FORM OF RULE 12B-1 PLAN FOR CLASS Z SHARES MASSMUTUAL PREMIER FUNDS CLASS Z SHARES Distribution and Service Plan and Agreement
Exhibit (m)(6)
FORM OF
RULE 12B-1 PLAN FOR CLASS Z SHARES
CLASS Z SHARES
Distribution and Service Plan and Agreement
This Plan and Agreement (the “Plan”) constitutes the Distribution and Service Plan of the Class Z shares of the MassMutual Premier [ ] Fund (the “Fund”), a series of the MassMutual Premier Funds, a Massachusetts business trust (the “Trust”), adopted pursuant to the provisions of Rule 12b-1 under the Investment Company Act of 1940 (the “Act”) and the related agreement between the Trust and MML Distributors, LLC, the principal underwriter of the Trust’s shares. During the effective term of this Plan, the Trust may make payments to Massachusetts Mutual Life Insurance Company (“MassMutual”) upon the terms and conditions hereinafter set forth:
Section 1. To the extent that any payments made by the Fund to MassMutual, including payment of management and administrative fees, should be deemed to be indirect financing of any activity primarily intended to result in the sale of shares issued by the Fund within the context of Rule 12b-1 under the Act, then such payments shall be deemed to be authorized by the Plan.
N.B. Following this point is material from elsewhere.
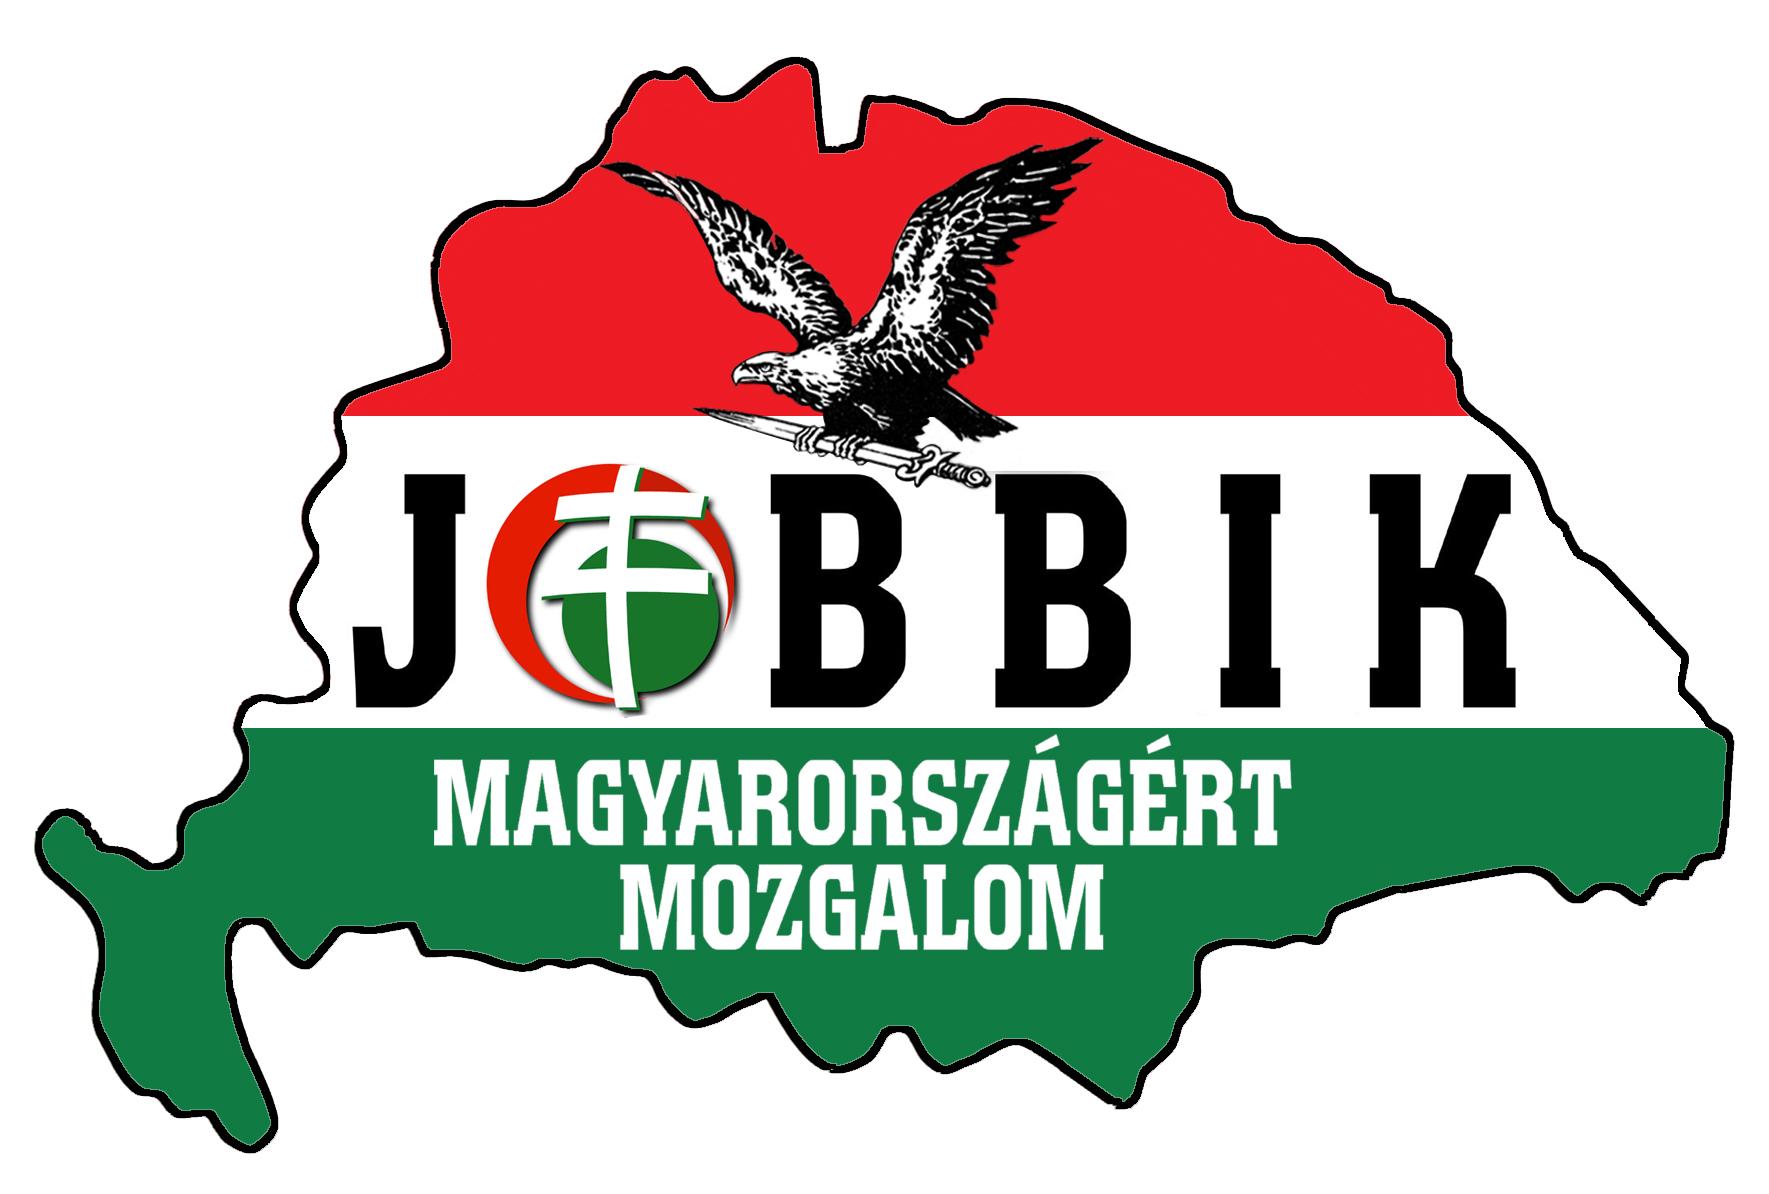 Tapolcai választás - A Jobbik visszaélést gyanít egy ingatlancsere mögött

Section 2. This Plan shall not take effect until it has been approved, together with any related agreements, by votes of the majority (or whatever greater percentage may, from time to time, be required by Section 12(b) of the Act or the rules and regulations thereunder) of both (i) the Trustees of the Trust, and (ii) the Qualified Trustees of the Trust, cast in person at a meeting called for the purpose of voting on this Plan or such agreement.
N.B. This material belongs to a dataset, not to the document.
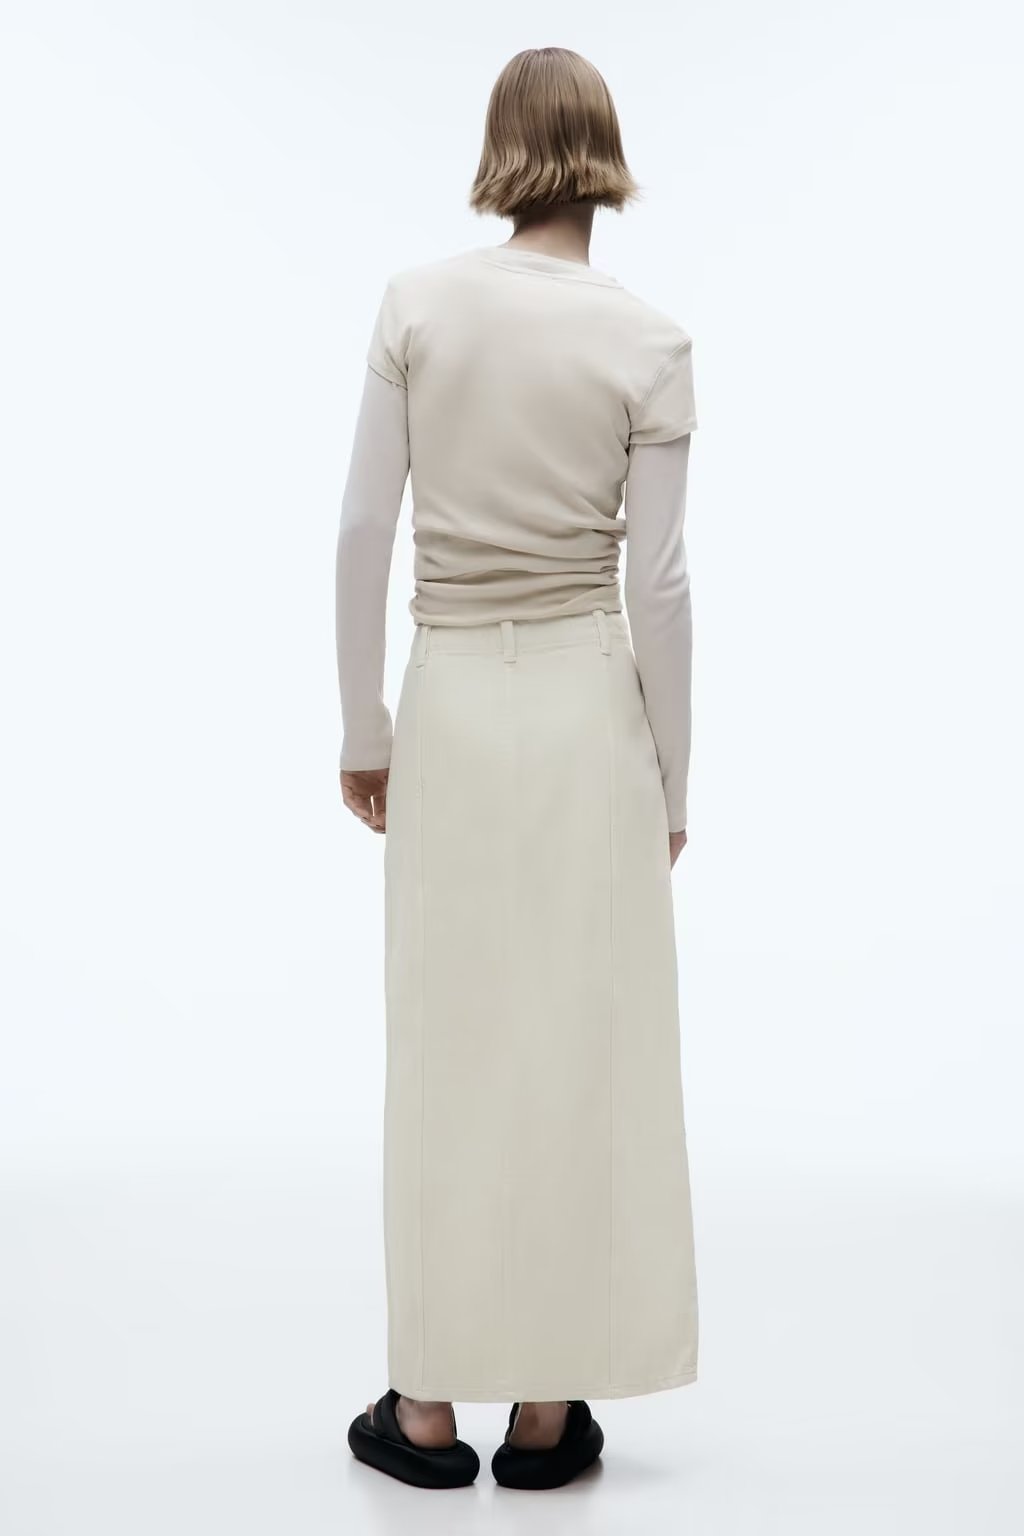 Women Patchwork Design Skirt Casual Slit A line High Waist Midi Dress

Section 3. This Plan shall continue in effect for a period of more than one year after it takes effect only so long as such continuance is specifically approved at least annually in the manner provided for approval of this Plan in Section 2.
Section 4. MassMutual shall provide to the Trustees of the Trust, and the Trustees shall review, at least quarterly, a written report of the amounts so expended and the purposes for which such expenditures were made.
Section 5. This Plan may be terminated at any time by vote of a majority of the Qualified Trustees, or by vote of a majority of the outstanding Class Z shares of the Fund.
Section 6. All agreements with any person relating to implementation of this Plan shall be in writing, and any agreement related to this Plan shall provide:
(a) that such agreement may be terminated at any time, without payment of any penalty, by vote of a majority of the Qualified Trustees or by vote of a majority of the outstanding Class Z shares of the Fund, on not more than 60 days’ written notice to any other party to the agreement; and
(b) that such agreement shall terminate automatically in the event of its assignment.
Section 7. This Plan may not be amended to increase materially the amount of distribution expenses permitted pursuant to Section 1 hereof without the approval of a majority of the outstanding Class Z
shares of the Fund, and all material amendments to this Plan shall be approved in the manner provided for approval of this Plan in Section 2.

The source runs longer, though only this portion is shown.